# What is needed
From the listing that follows, output everything exactly except the pictures.

**** Collected data ****

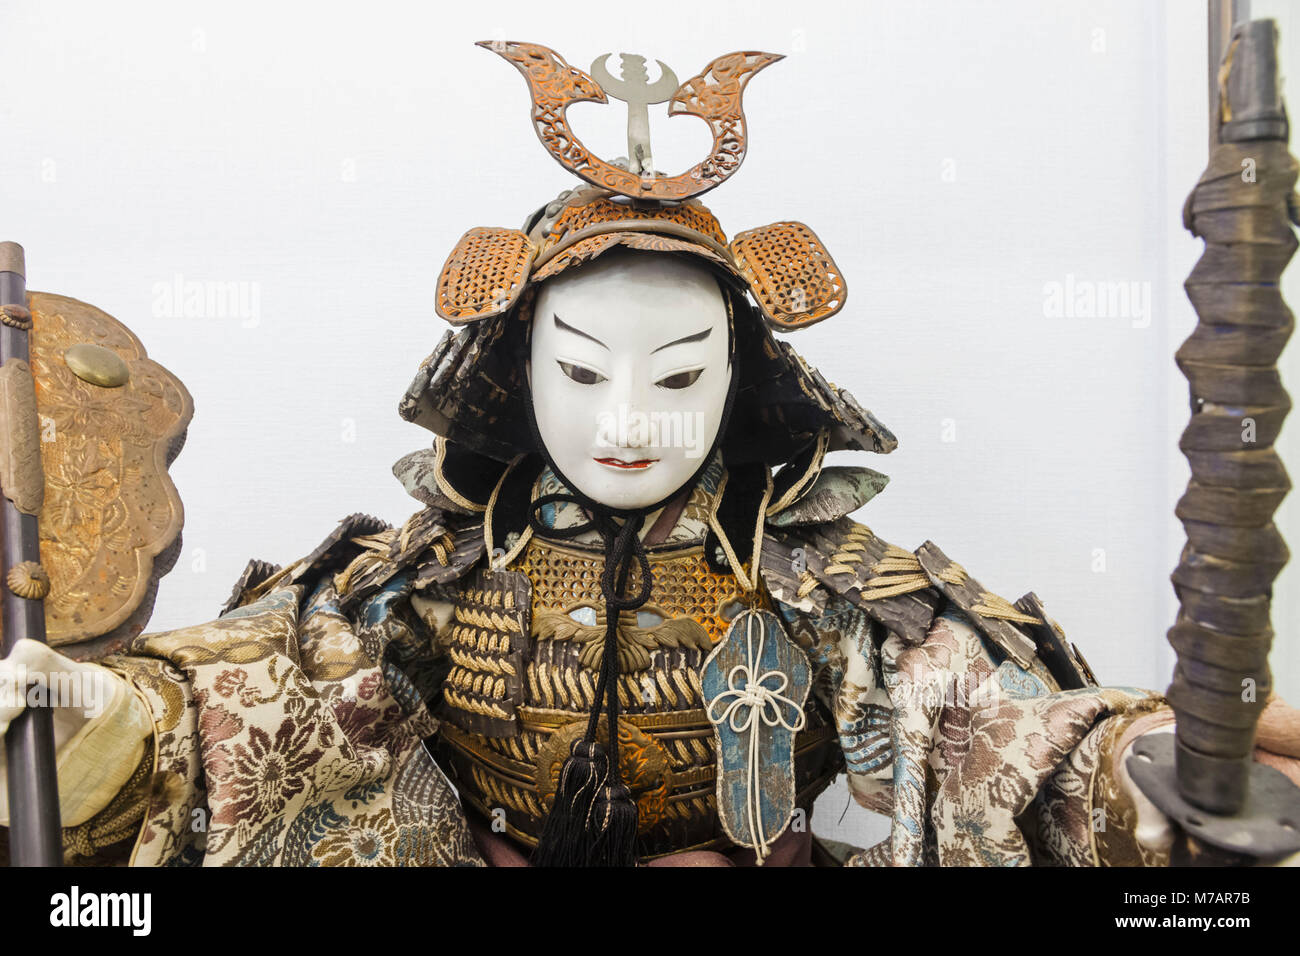 Japan, Honshu, Shizuoka Prefecture, Atami, Atami Castle, Exhibit of Japanese Doll Dressed in Warrior Costume - Stock Image
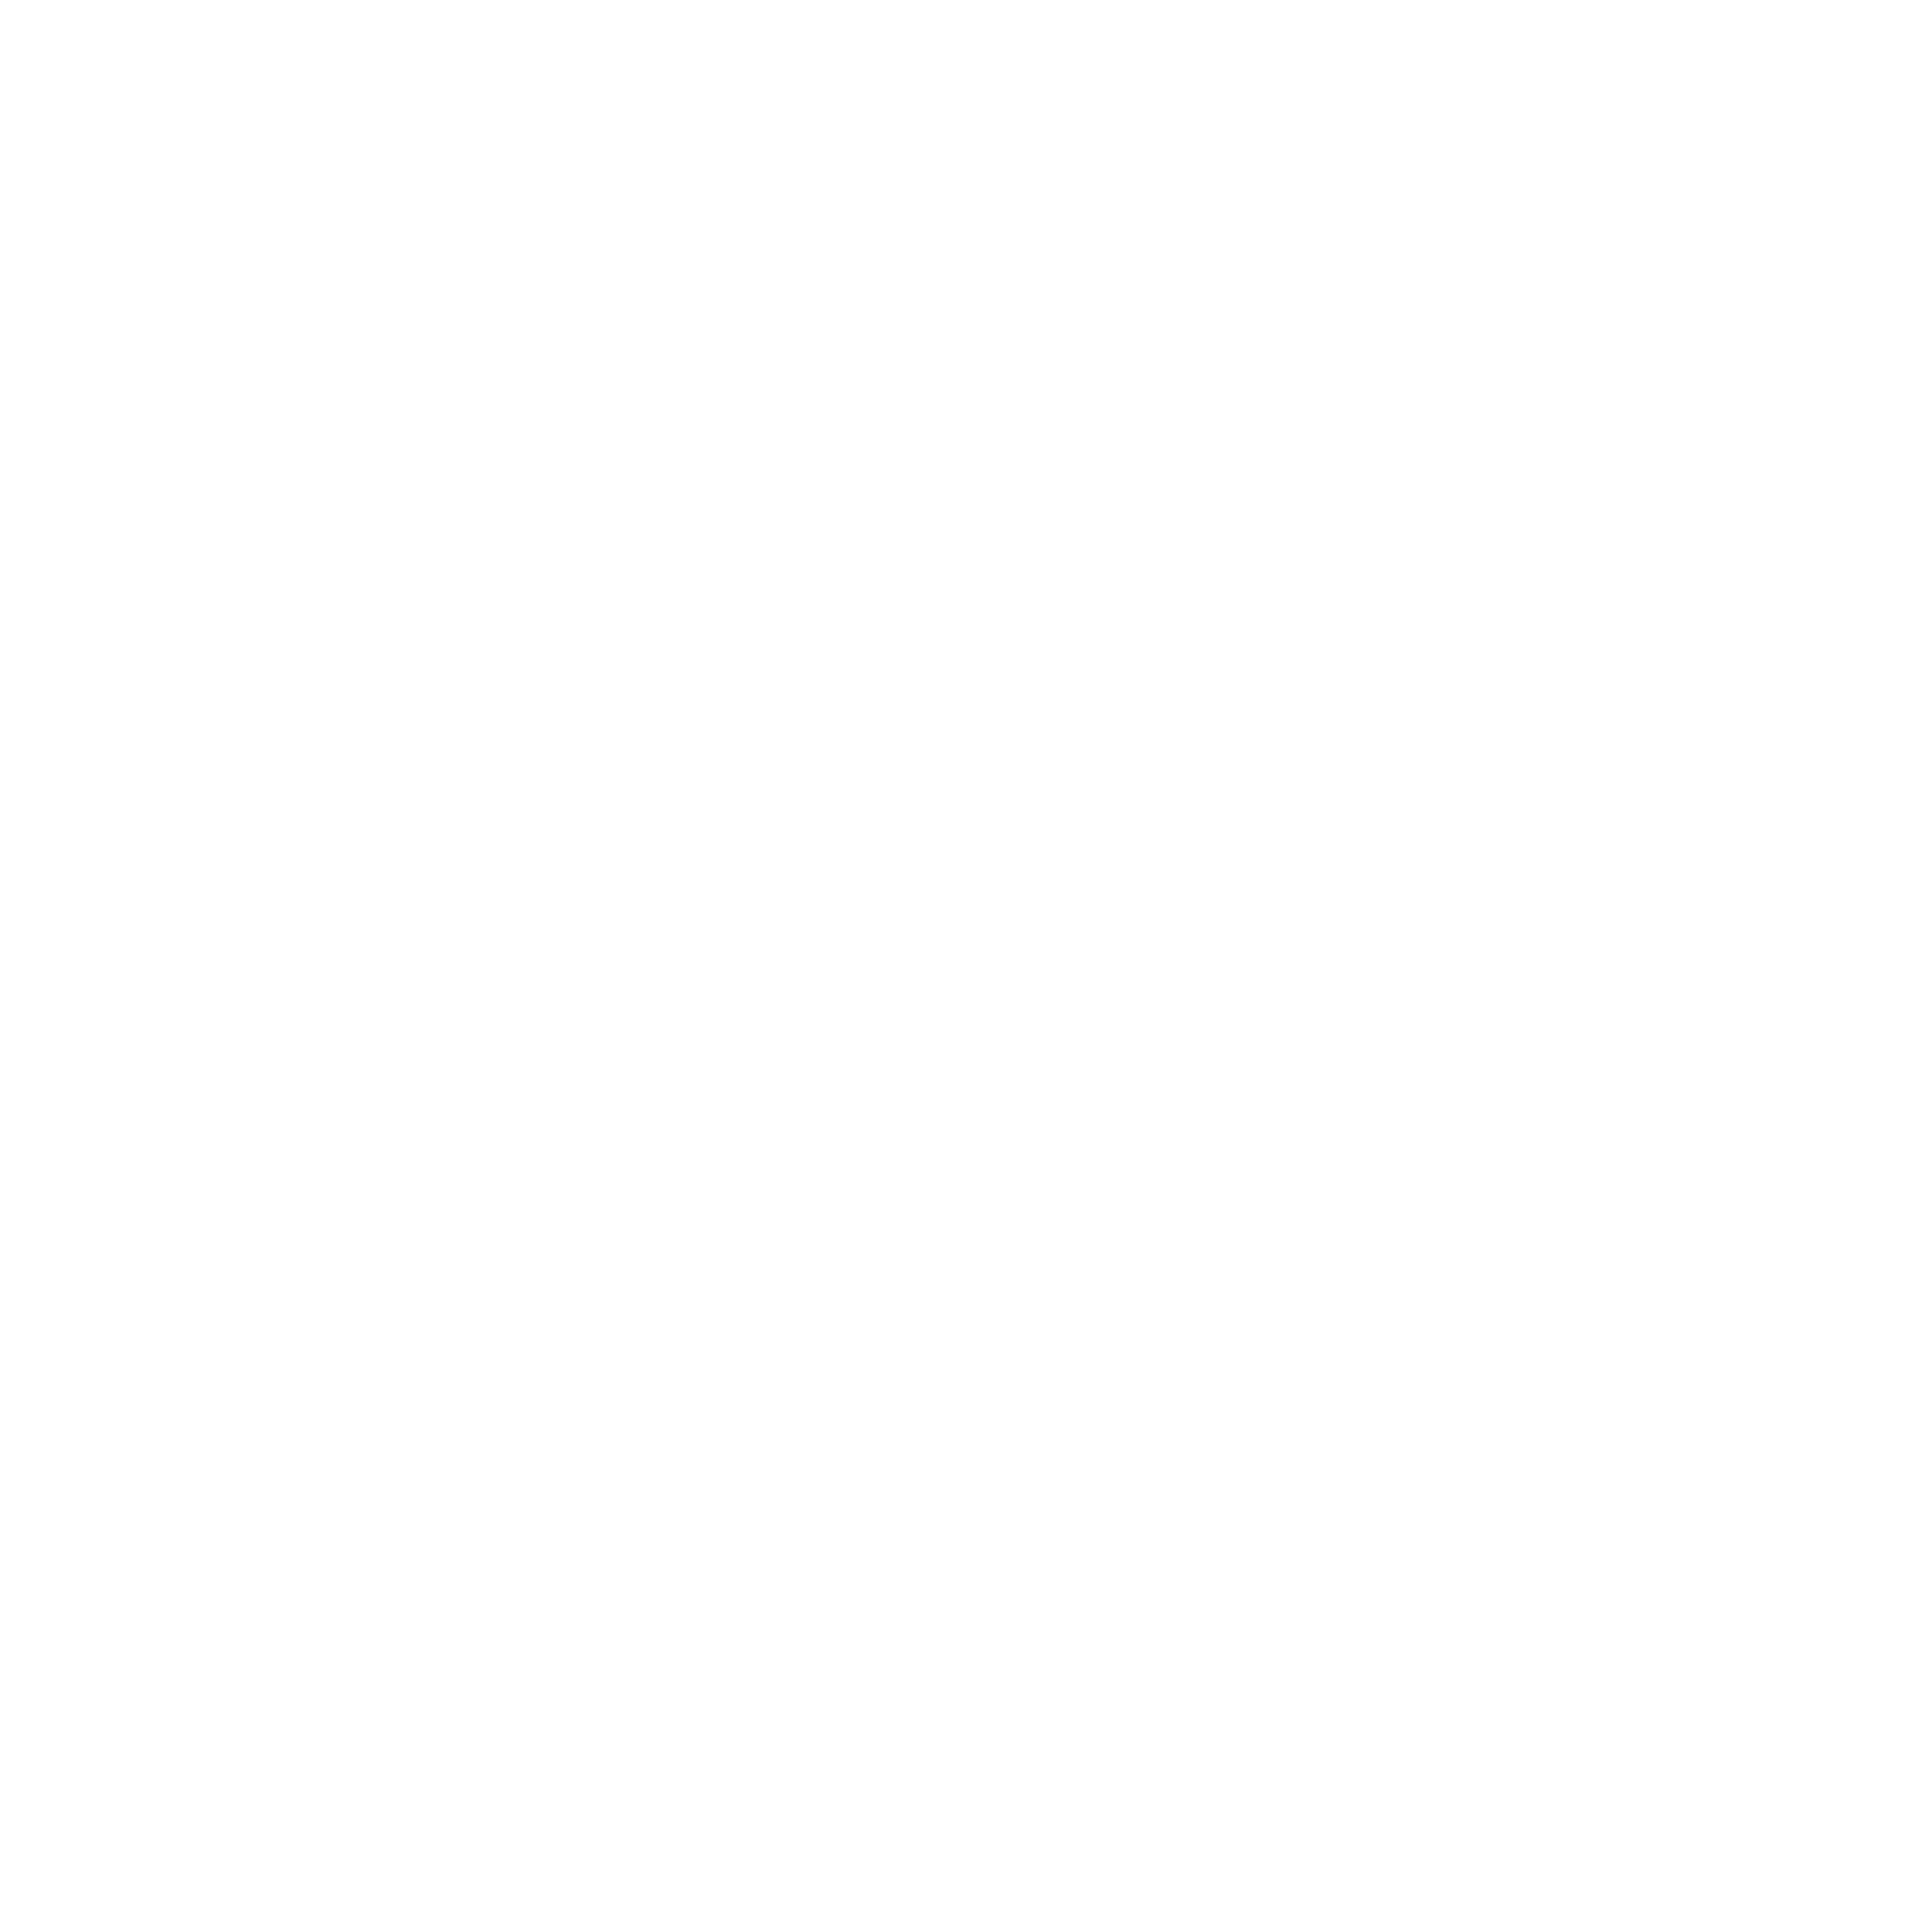 Fluidly Integrity Partnership Digital Partner
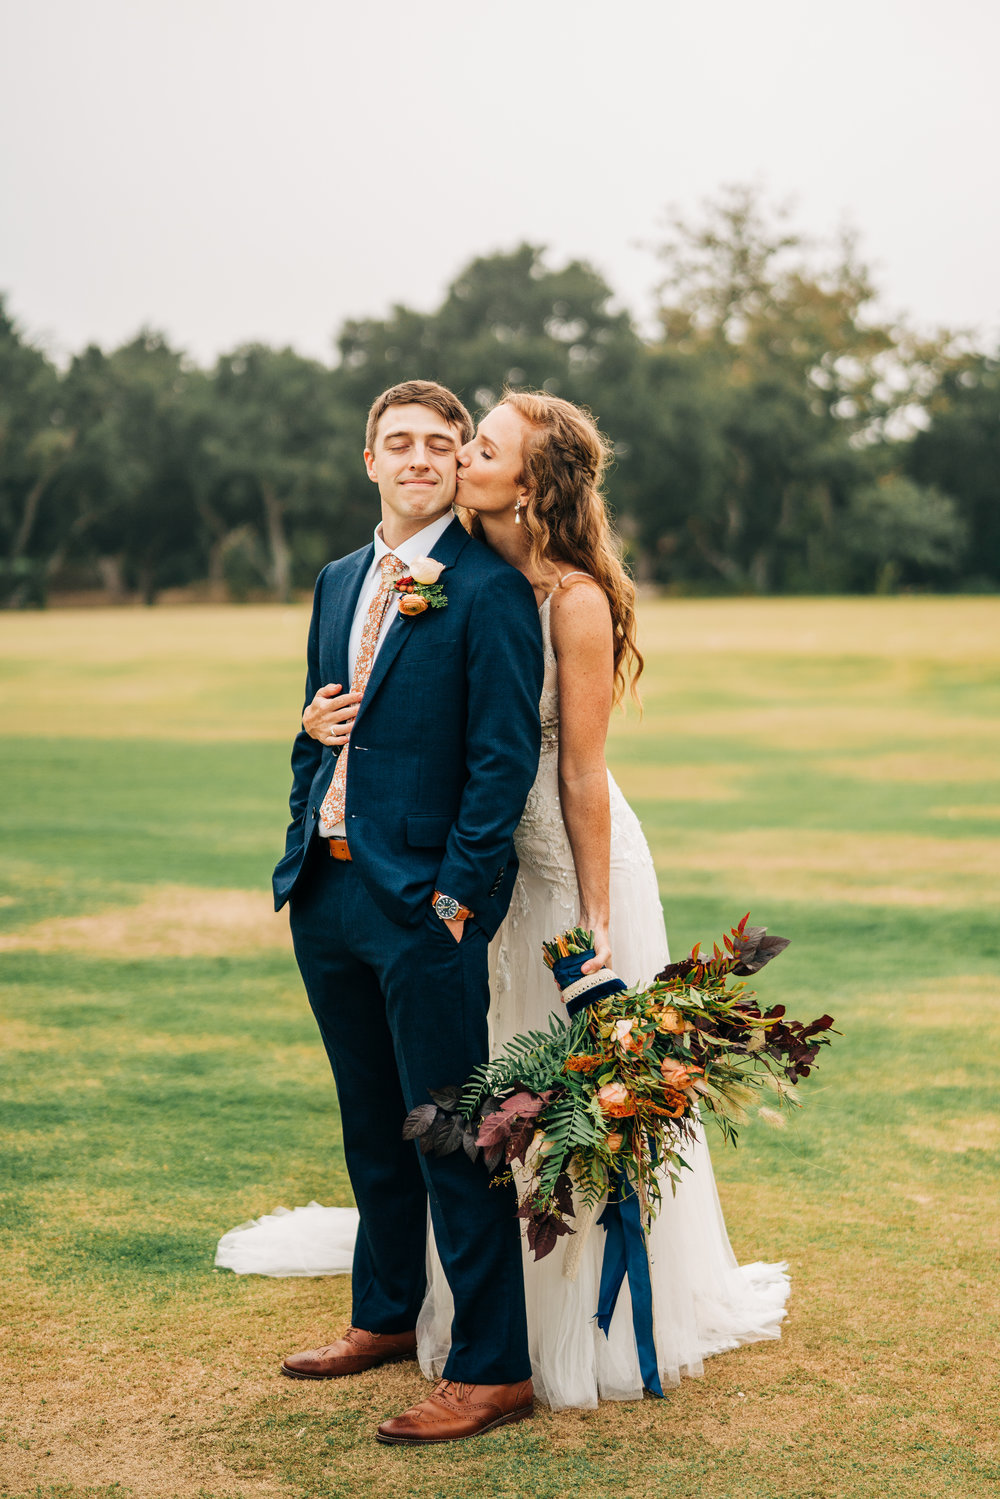 www.santabarbarawedding.com | Brandon Bibbins Photography | The Cottages at Polo Run | Christina Welch Floral | Bride Kisses Groom

****

# Solution
 Japan, Honshu, Shizuoka Prefecture, Atami, Atami Castle, Exhibit of Japanese Doll Dressed in Warrior Costume - Stock Image
 Fluidly Integrity Partnership Digital Partner
 www.santabarbarawedding.com | Brandon Bibbins Photography | The Cottages at Polo Run | Christina Welch Floral | Bride Kisses Groom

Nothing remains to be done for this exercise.